A: Definitely, yes. The dharma is loosely translated as “the Way” or “the Truth.” Truth is ever flowing, ever fresh. It is not a static, fixed point in time or space. We take the great mystical visions from the great teachers of the past, and we eat what is fresh in them in the present. Andrew Harvey, in his celebration of Rumi, is speaking of having this love affair with the Divine in our time. fully awake to the horrors that are occurring on this planet. We cannot say that they are somehow separate. The only true healing that can occur in any sustainable way is through that mystical view. What is happening on the planet is wild. In many ways. we are more awake than we ever were. We now have the tools to express the message very fast. But the combination of an out-of-control worldwide population explosion and the despoiling of the land, air, and seas forces us into a crisis situation that means that we either must wake up or die in large numbers. lt’s already happening. This is already a time of crisis. However, people will not desist in greed and anger unless they are impelled by a recognition of unity and love from inside.
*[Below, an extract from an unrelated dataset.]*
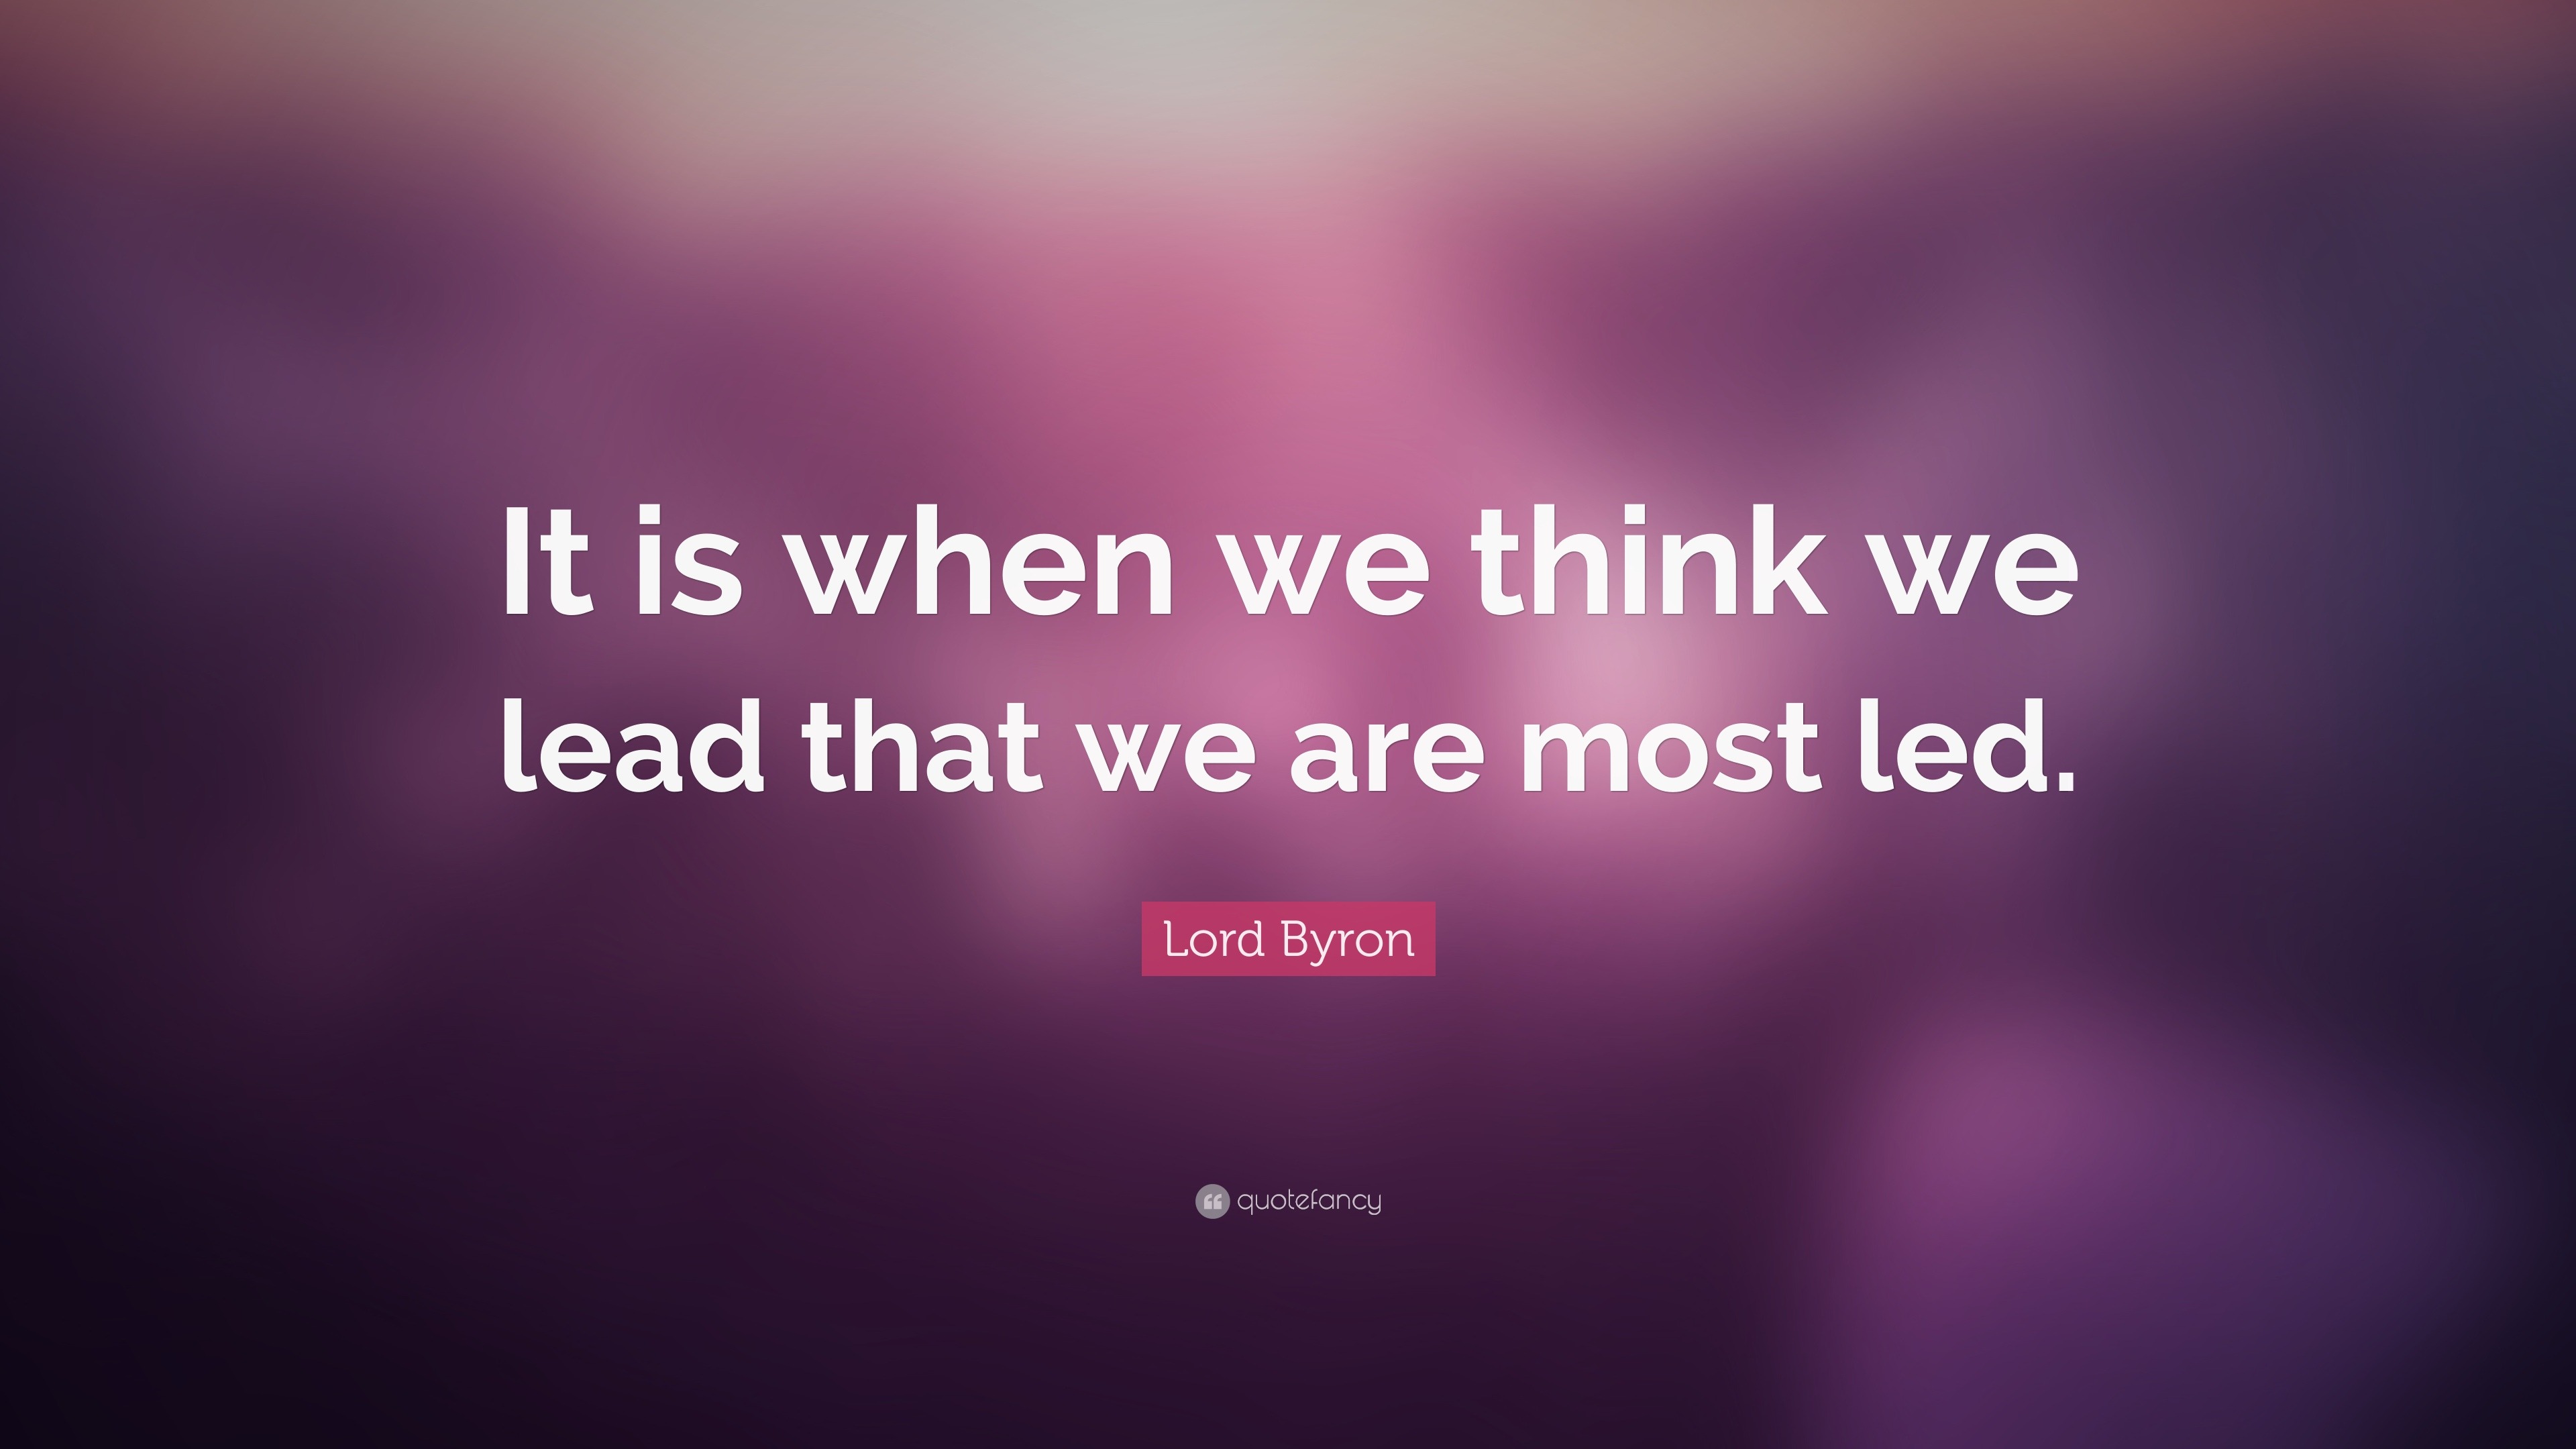 Lord Byron Quote “It is when we think we lead that we are most led.”

Q: Do you feel that people can really wake up without the help of a teacher? You often say that this recognition is immediately available, yet stories abound of the transmission being passed from guru to disciple, from master to student. You, for instance, met Poonjaji and woke up. So there is something profoundly powerful about being in the presence of one who has that awakening. Is that available through the printed word, for example?

A: Well. I ask you. what has been your experience in reading The Way of Passion?

Q: It’s a cascading yes and yes and yes. Doors are opening and I know it’s all true and it’s fantastic. Then I close the book and, within minutes, forgetfulness.

A: Yes, but the transmission was there. Of course, it’s not the same as sitting in the presence of a living master. That is like being in the presence of the burning bush. However, let us be grateful for the printed words of the mystics over the centuries. Maybe the wattage is not as strong as being in the presence of the burning bush, but you take what you can get. And you can become your own transmitter, as you know. I often say, have the intention to be always in satsang, always in truth-community. Have satsang with the breeze, with the birds, with your landlady, and especially with those who are hip to this. That is the sweetest of the sweet, a true celebration. Then every day is Christmas, and New Year’s, and Valentine’s Day, and Thanksgiving all rolled into one.